#### [Work item]
Please give back, exactly as written, the lines from the line with "Riviera Blue RS4 & £1500 or £27,000 Tax Free" to the line with "Fentanyl - Patient" in the listing below, leaving out all pictures.

Extracted material Block Start

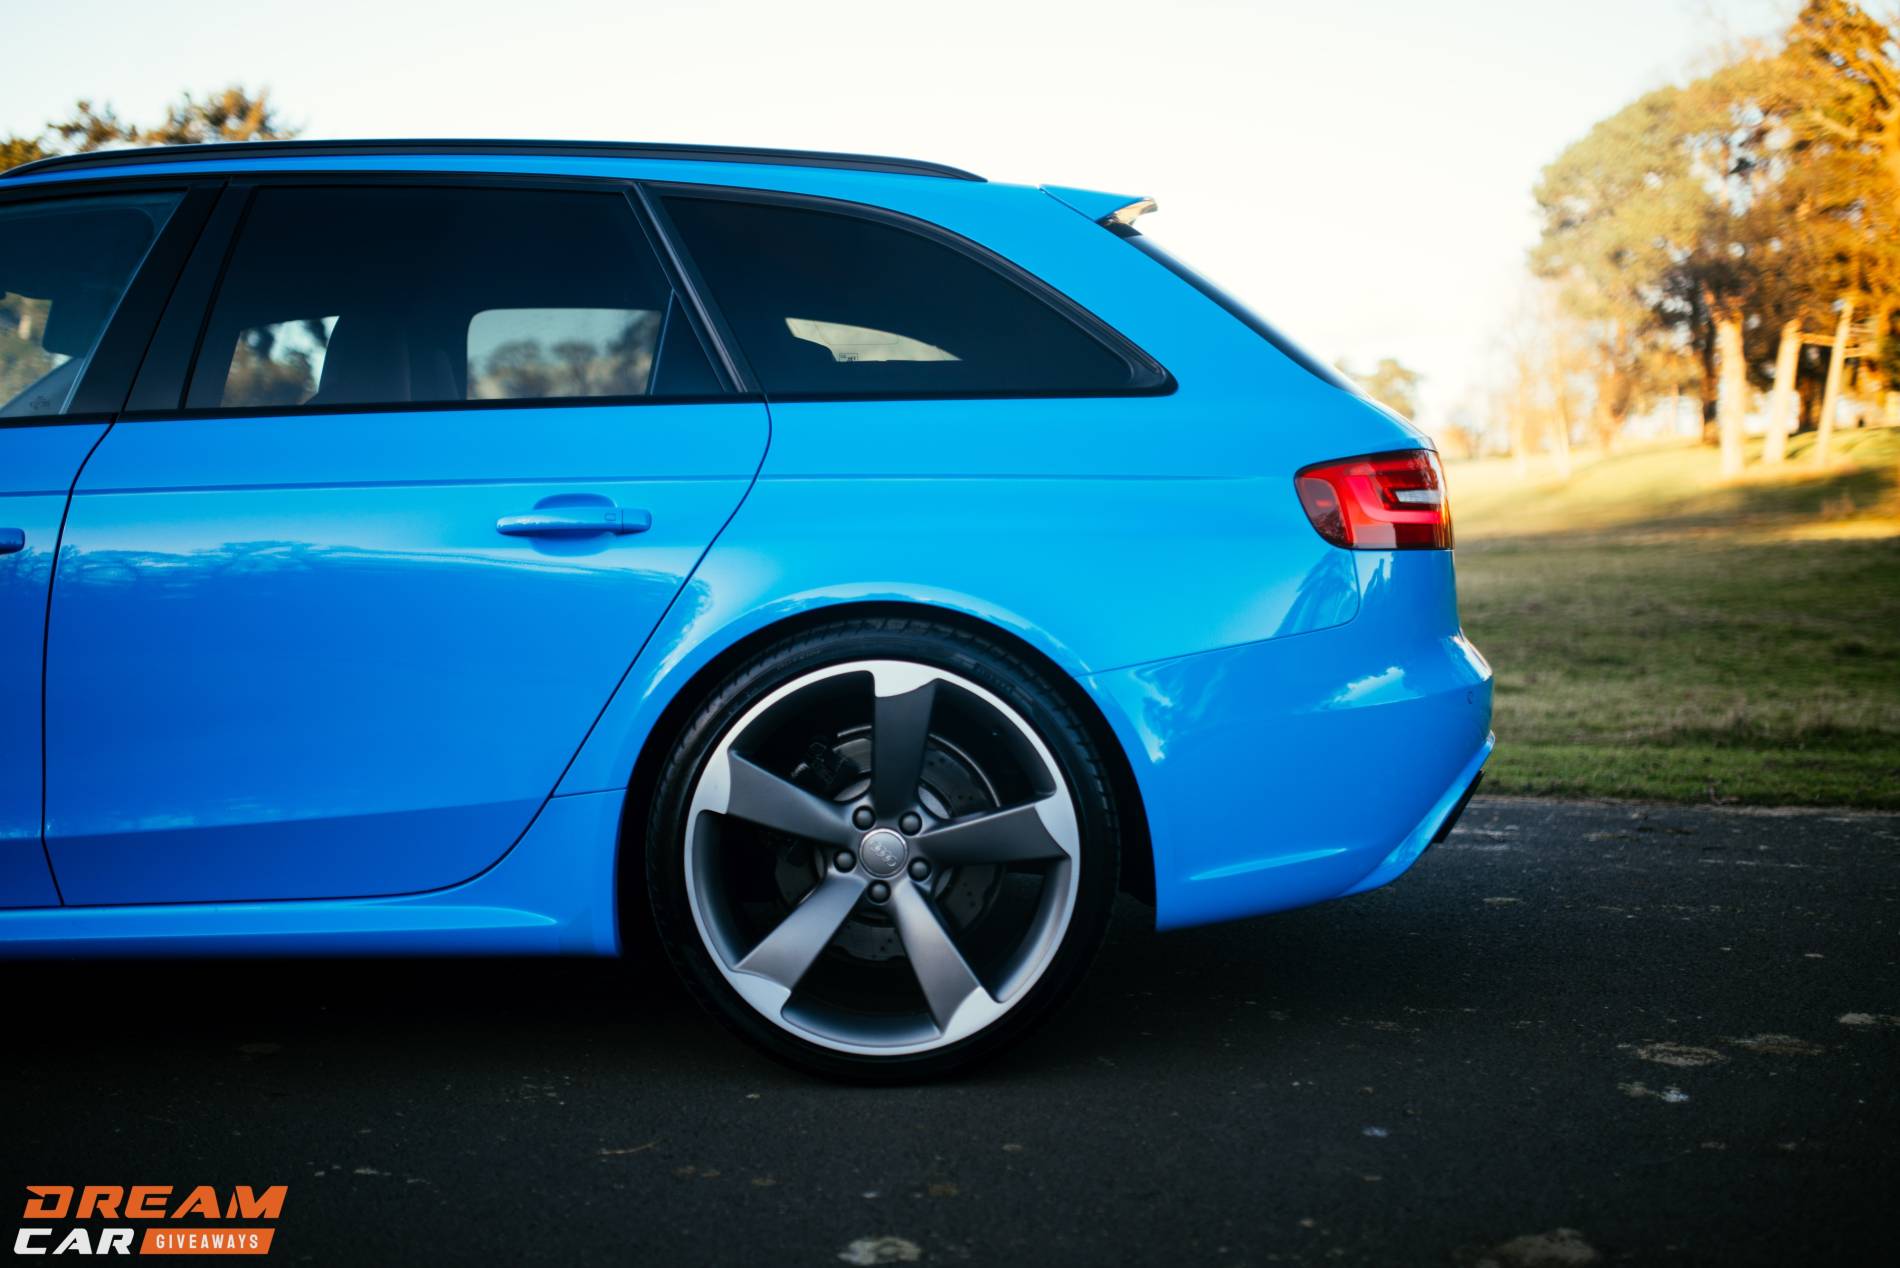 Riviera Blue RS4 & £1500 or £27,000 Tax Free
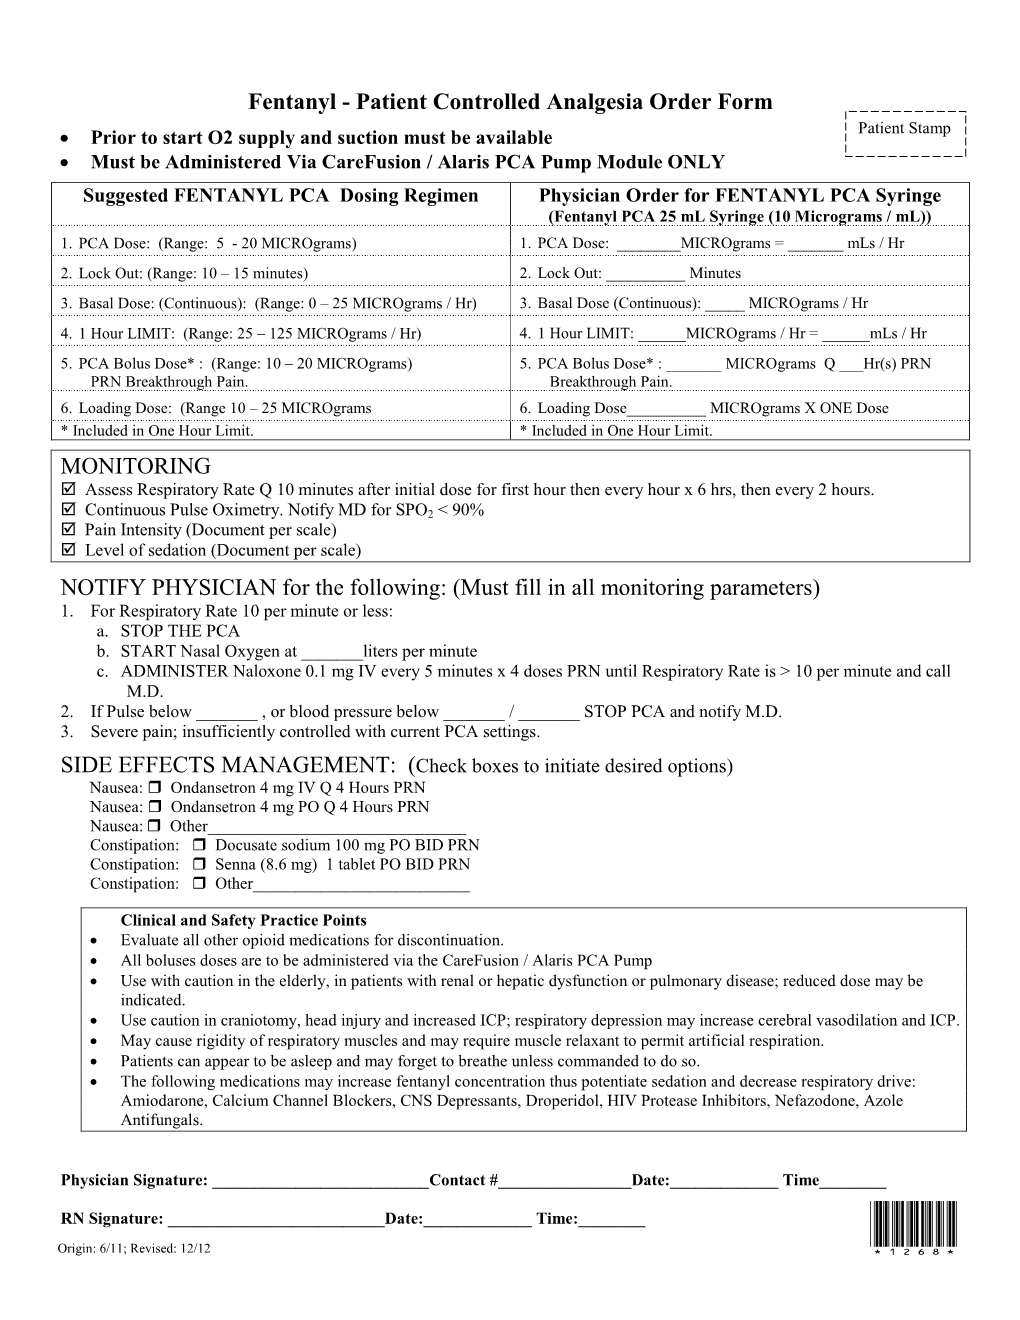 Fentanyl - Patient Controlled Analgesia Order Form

Extracted material Block End
Extracted material Block Start

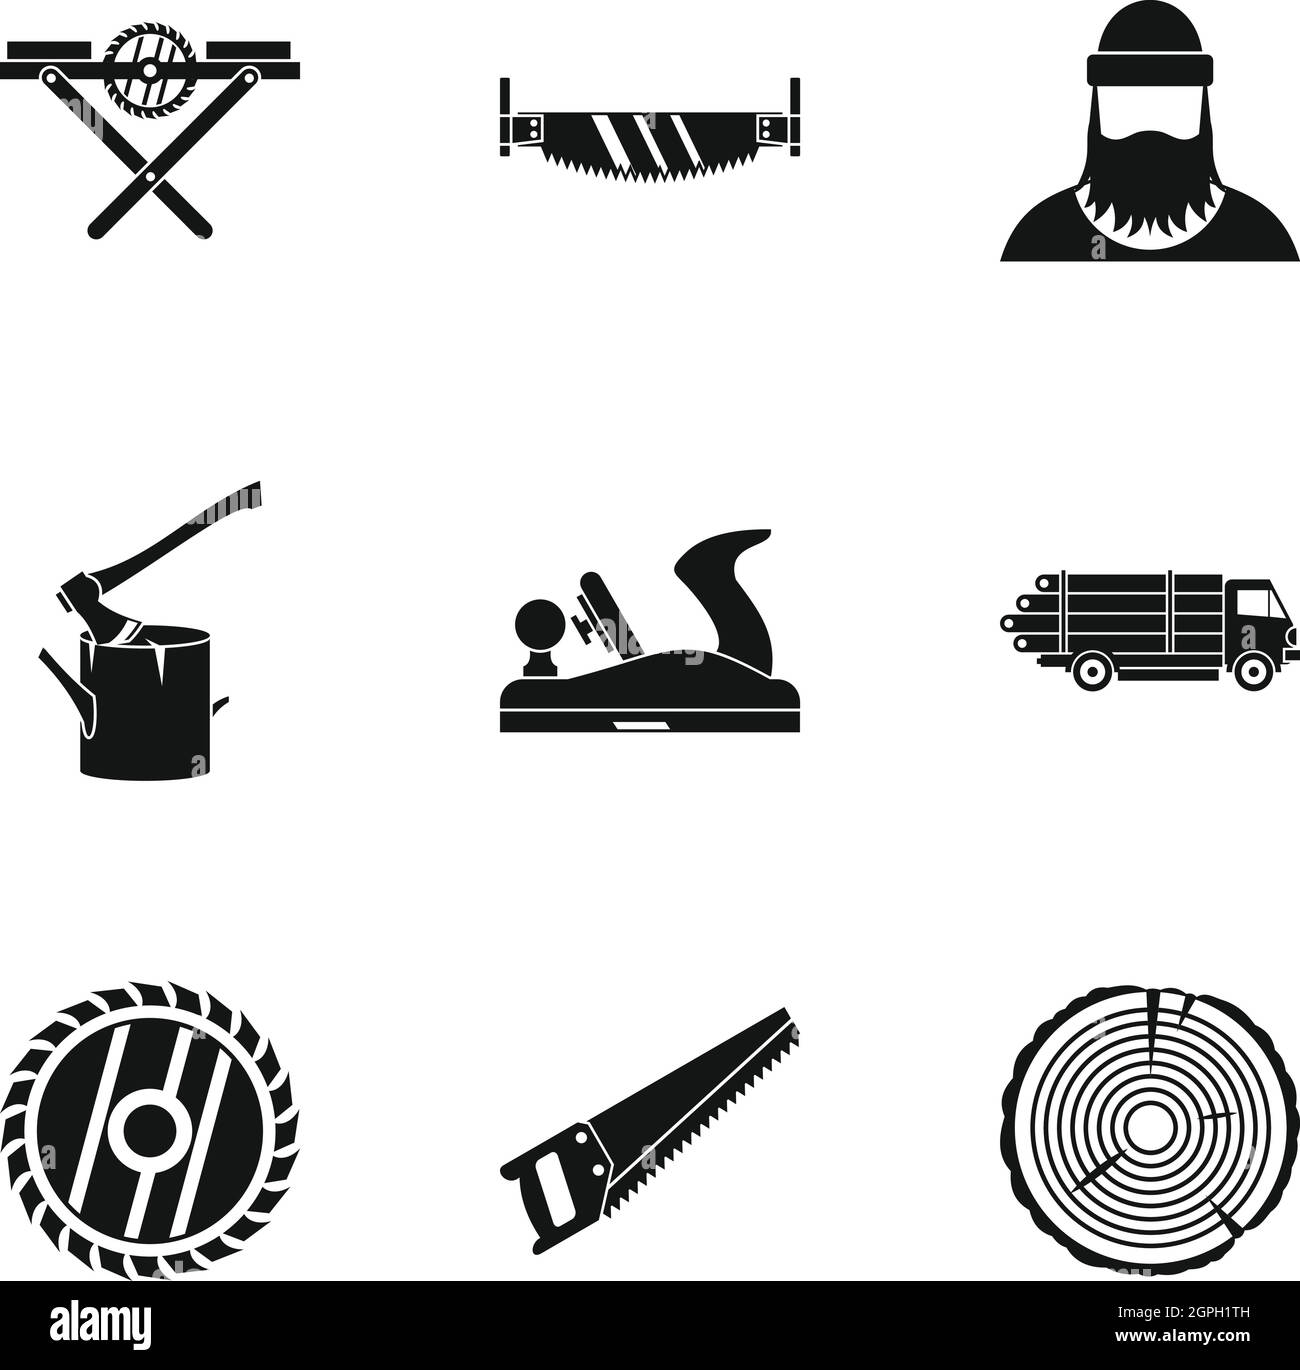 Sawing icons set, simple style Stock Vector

Extracted material Block End

#### [Reply to the exercise]
 Riviera Blue RS4 & £1500 or £27,000 Tax Free
 Fentanyl - Patient Controlled Analgesia Order Form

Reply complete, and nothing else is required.